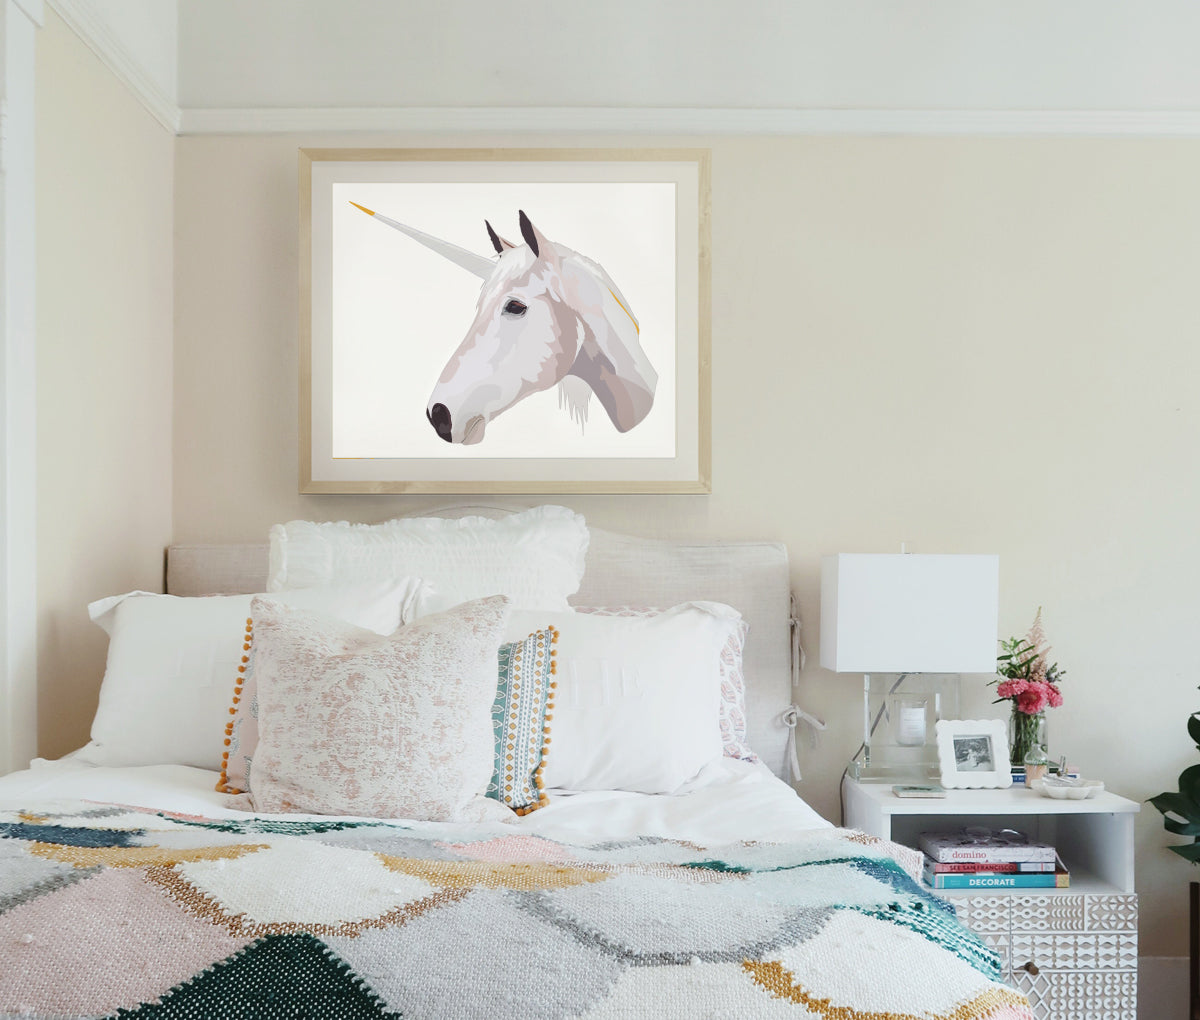 Unicorn wall print
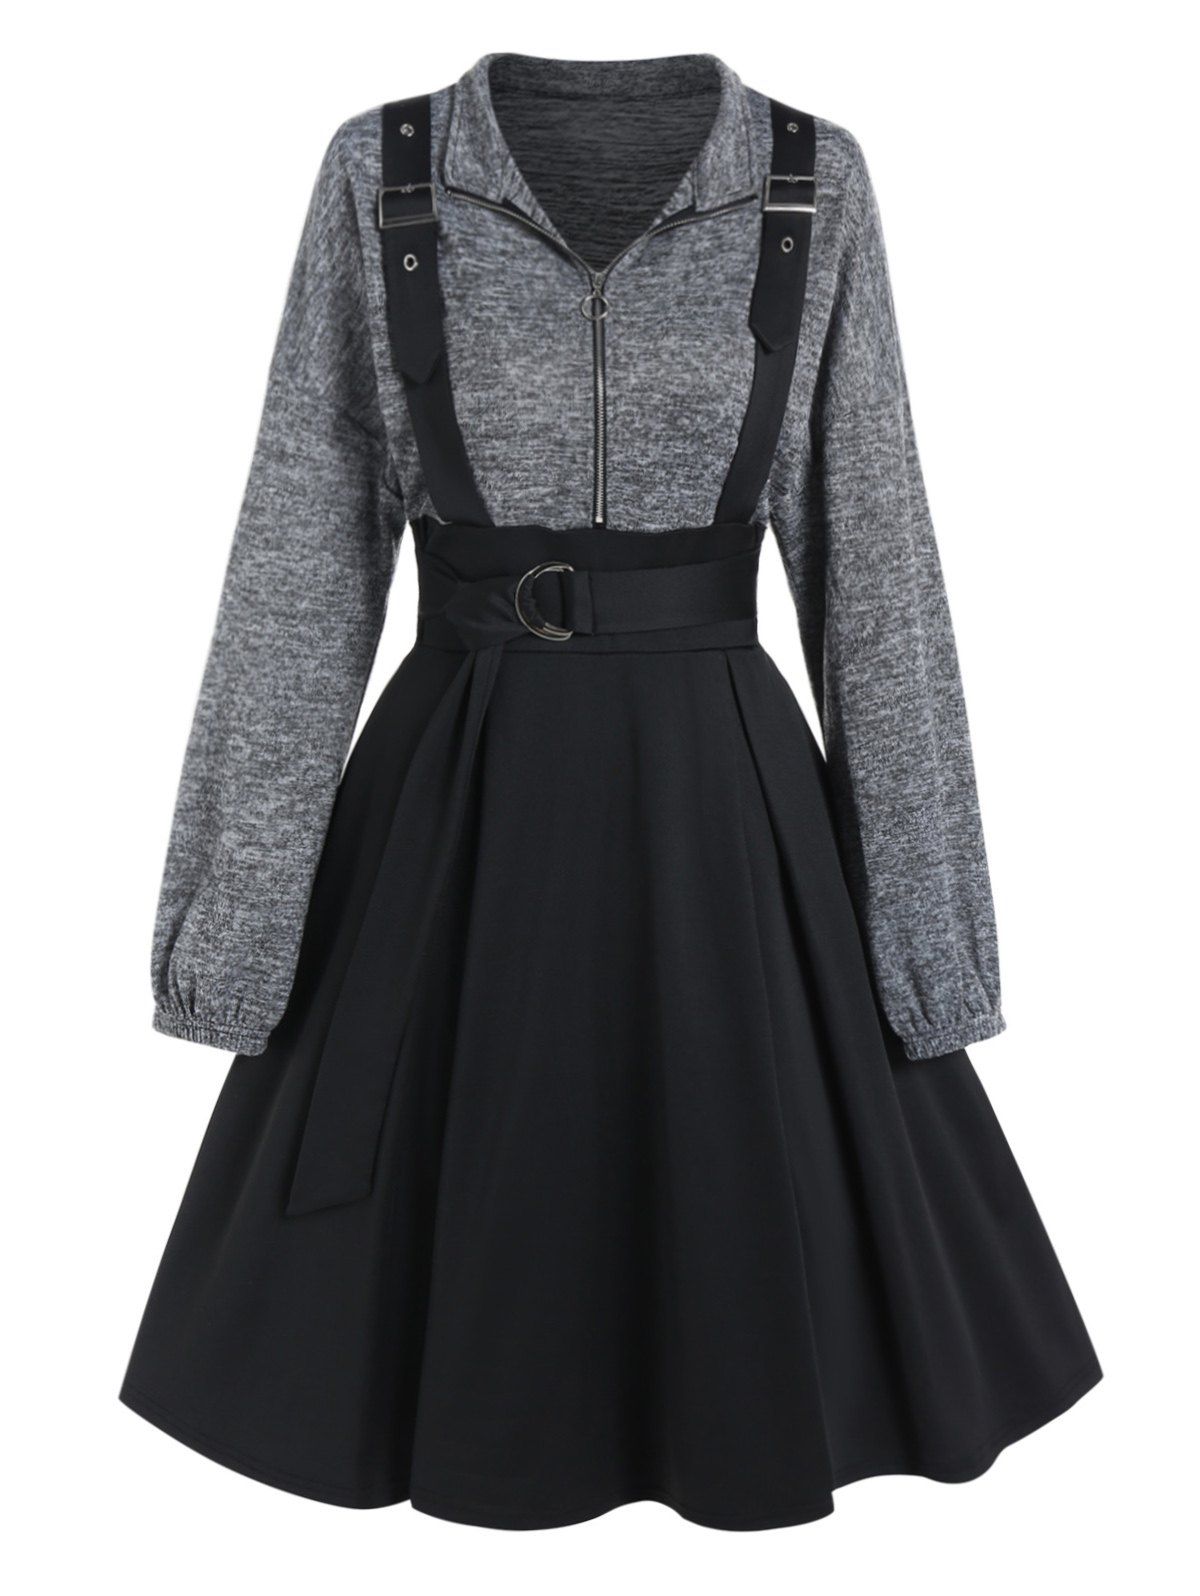 Colorblock Faux Twinset Dress Space Dye Half Zipper Self Belted Long Sleeve A Line Mini Dress - BLACK L
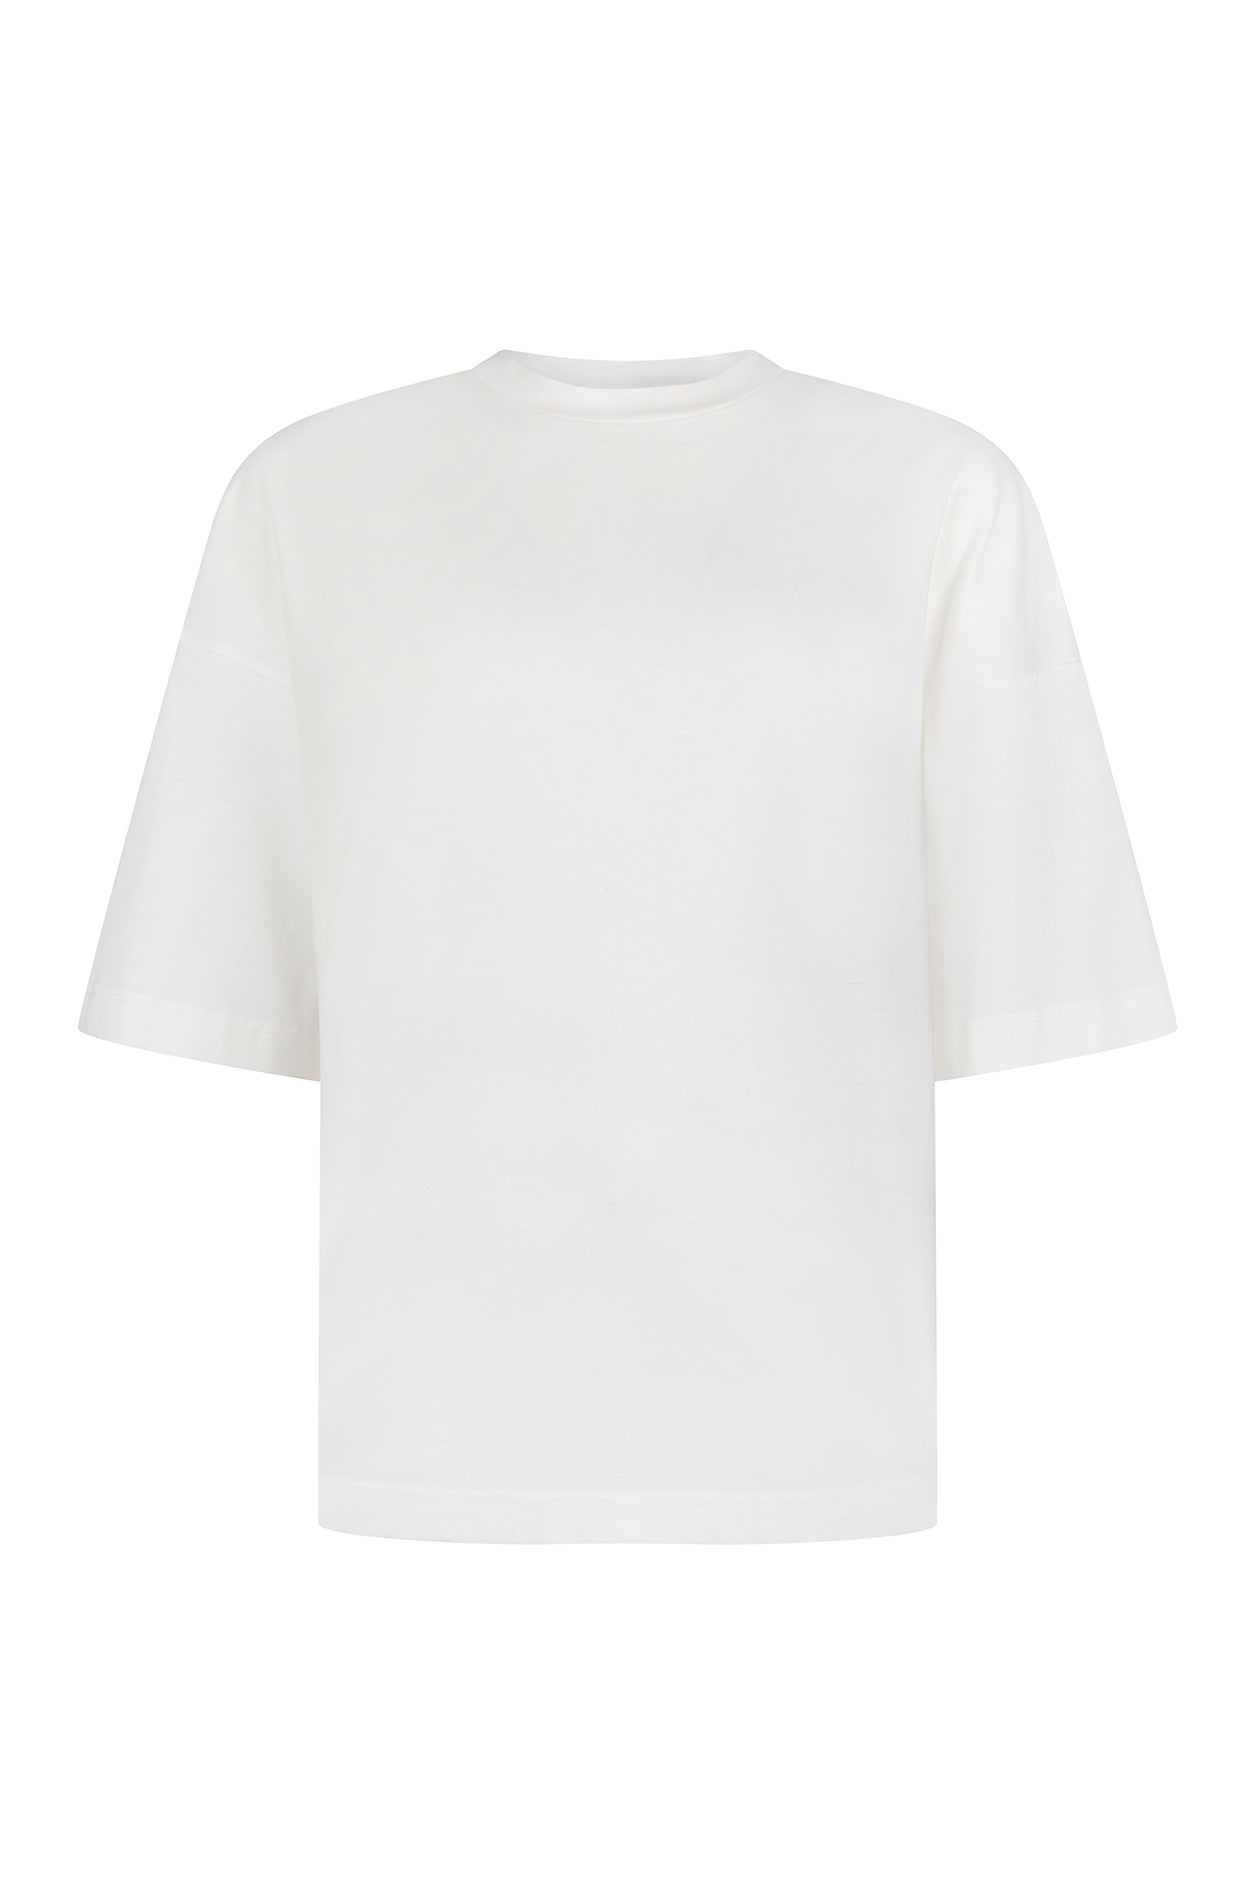 Gibson T-Shirt White

Task details → No image belongs in the copy. Transcribe the full listing verbatim.

Written answer →
 Unicorn wall print
 Colorblock Faux Twinset Dress Space Dye Half Zipper Self Belted Long Sleeve A Line Mini Dress - BLACK L
 Gibson T-Shirt White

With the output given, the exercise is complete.